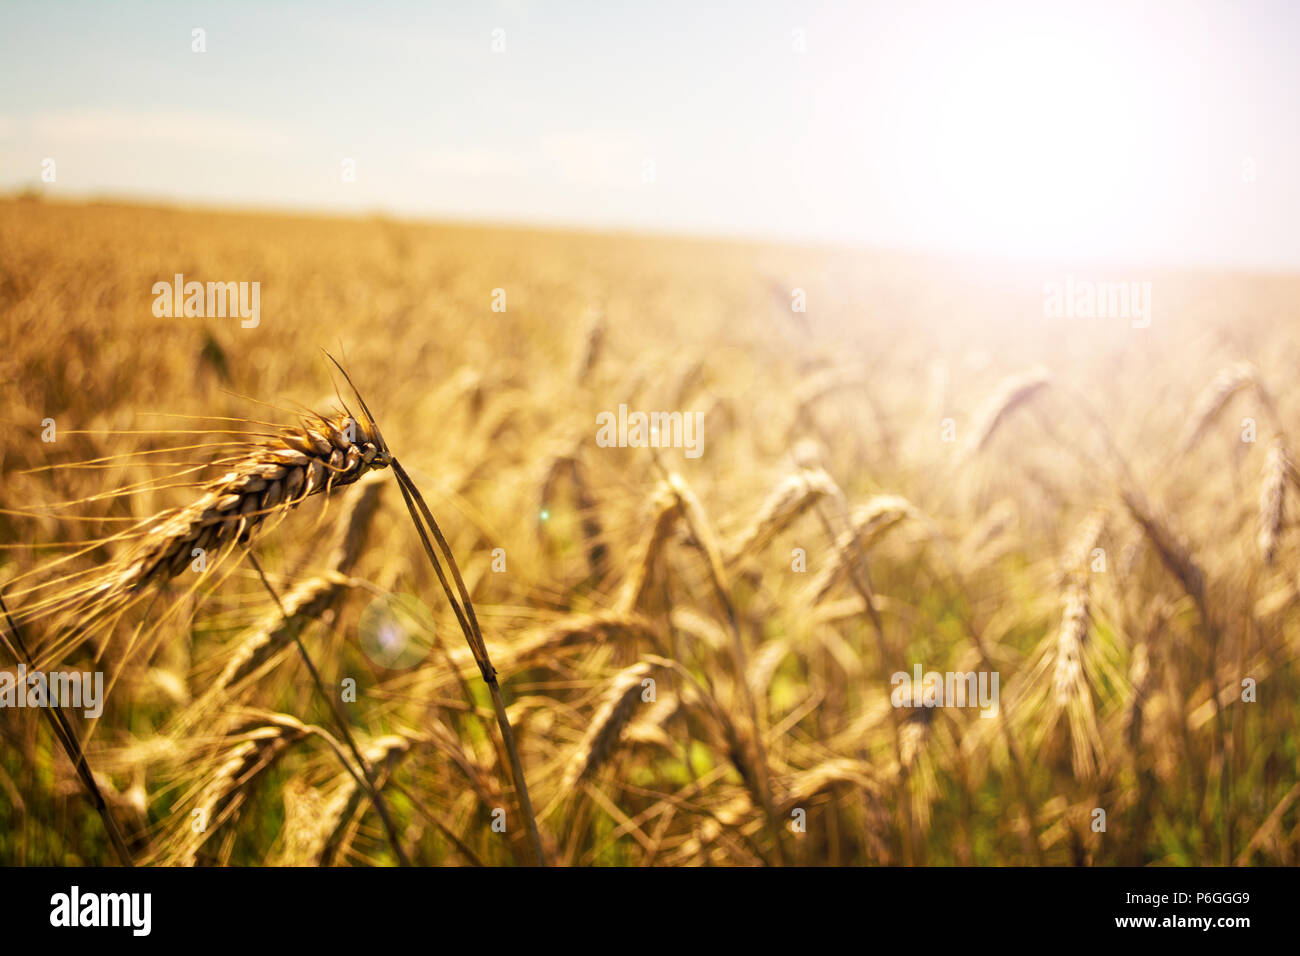 Campo de trigo. Espigas de trigo de oro de cerca. La naturaleza hermosa puesta de sol paisaje. Paisaje rural bajo la luz del sol brillante. Antecedentes de la maduración oídos de prado campo de trigo. Concepto de cosecha abundante. Soft Focus. Foto de stock
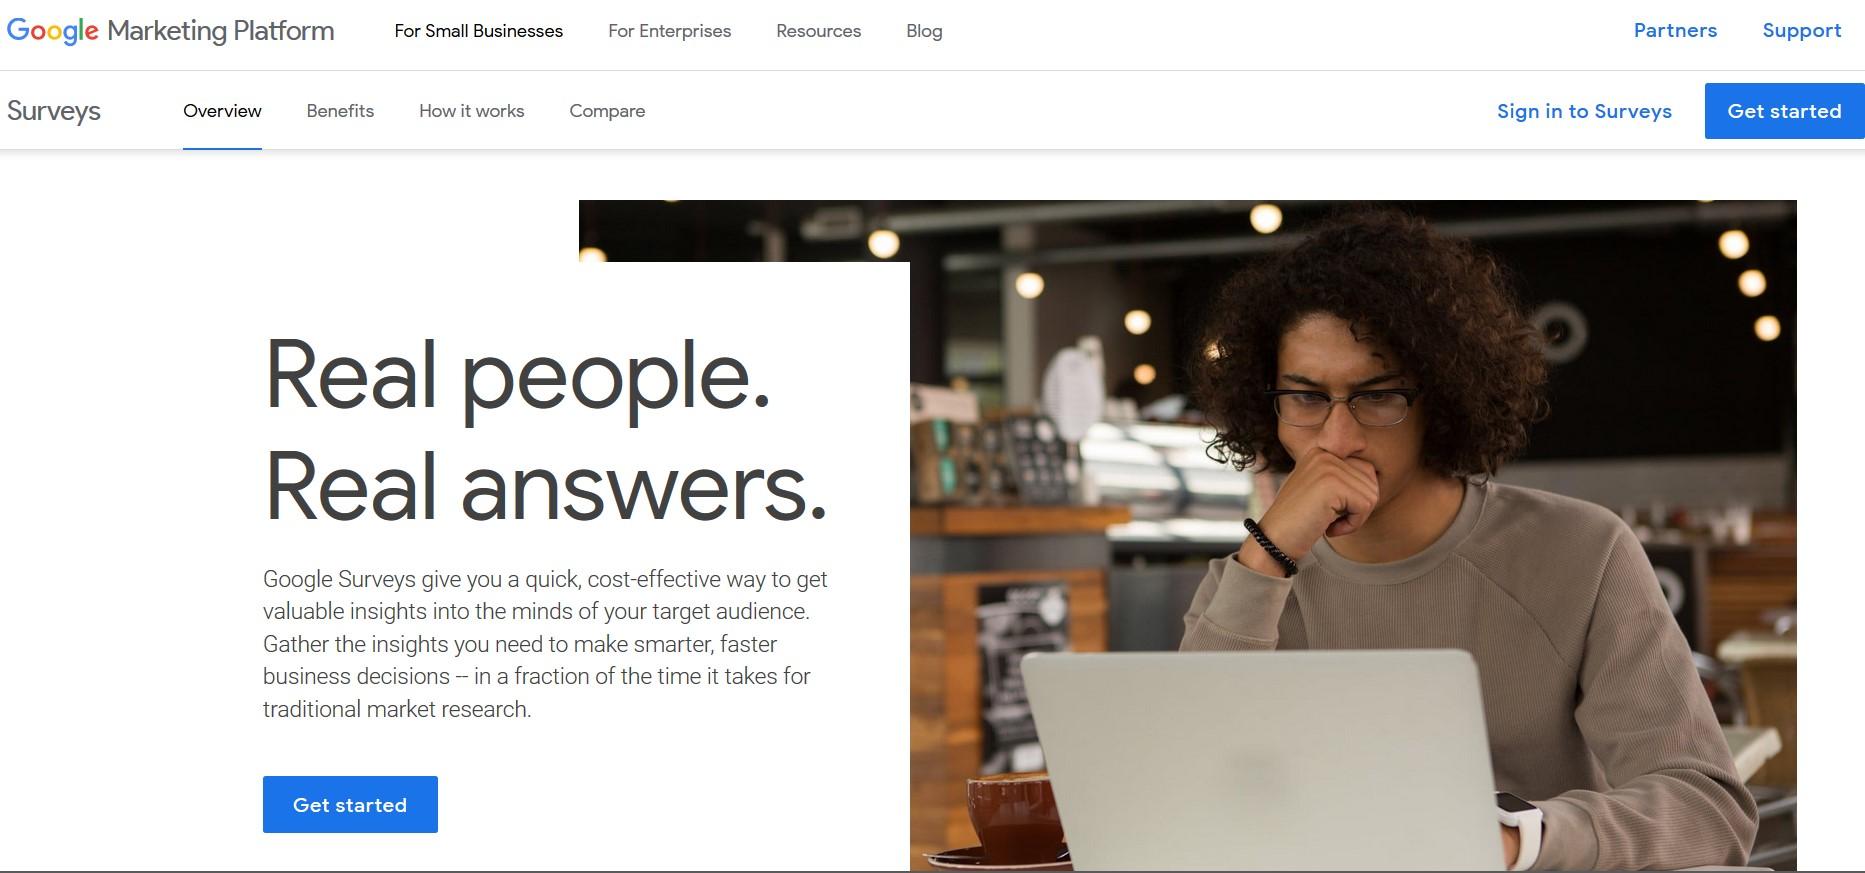 Google Scholar: Zugriff auf Rechtsfälle, akademische Arbeiten und Quellen
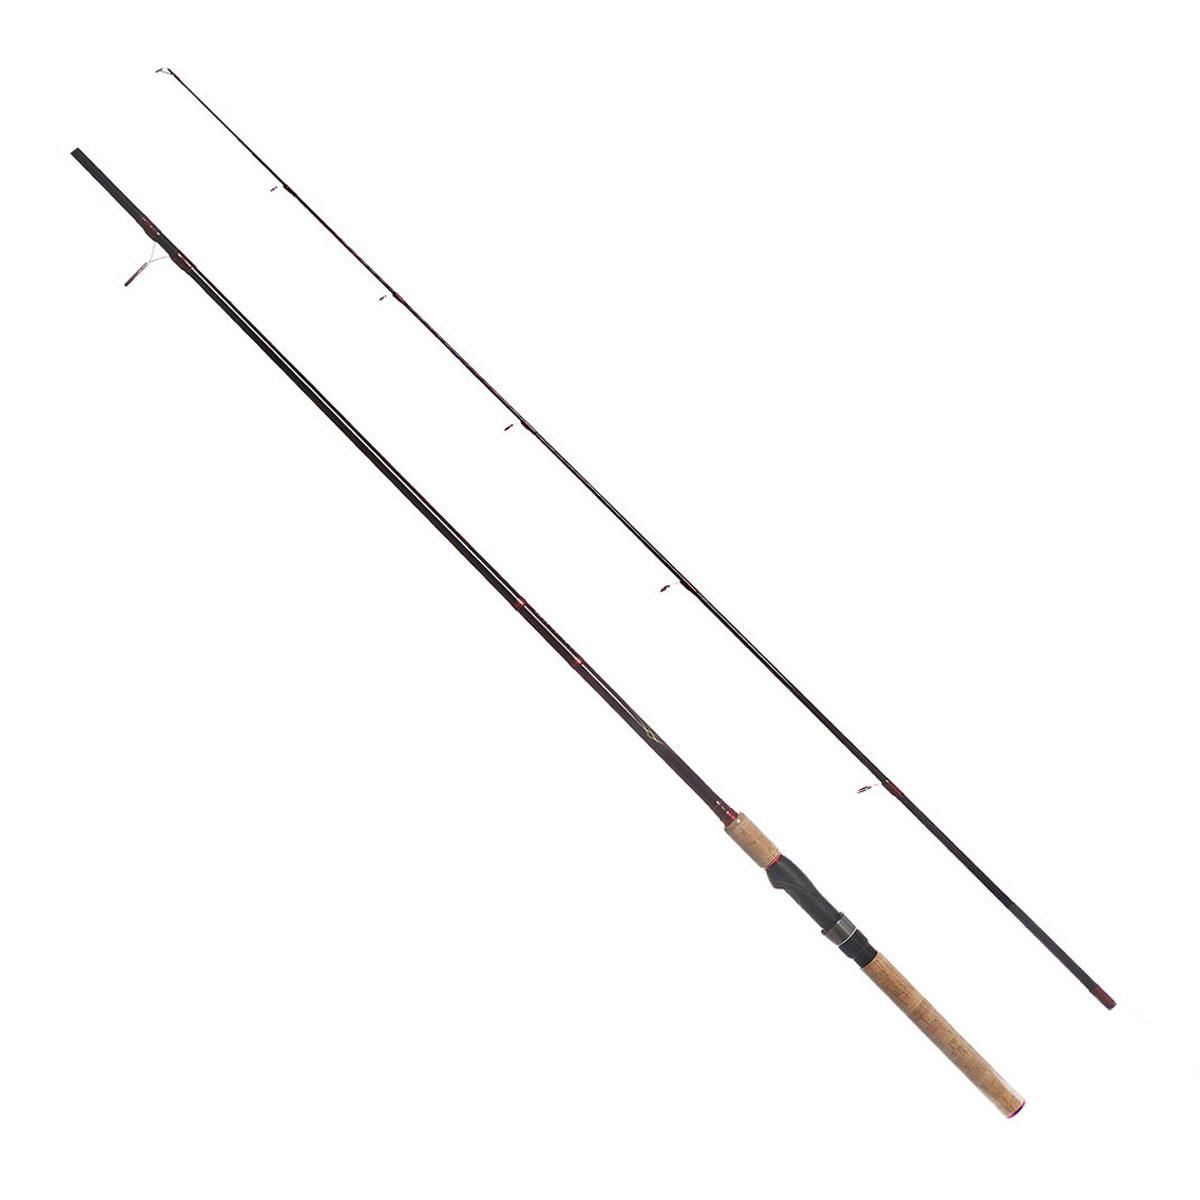 Удилище спиннинговое Daiwa Vulcan-AR, штекерное, цвет: черный, 2,13 м, 5-15 г

▸ **ASSIGNMENT**: Transcribe the listing above in full. Pictures are not part of the copy.

▸ **RESPONSE BELOW**:
 Campo de trigo. Espigas de trigo de oro de cerca. La naturaleza hermosa puesta de sol paisaje. Paisaje rural bajo la luz del sol brillante. Antecedentes de la maduración oídos de prado campo de trigo. Concepto de cosecha abundante. Soft Focus. Foto de stock
 Google Scholar: Zugriff auf Rechtsfälle, akademische Arbeiten und Quellen
 Удилище спиннинговое Daiwa Vulcan-AR, штекерное, цвет: черный, 2,13 м, 5-15 г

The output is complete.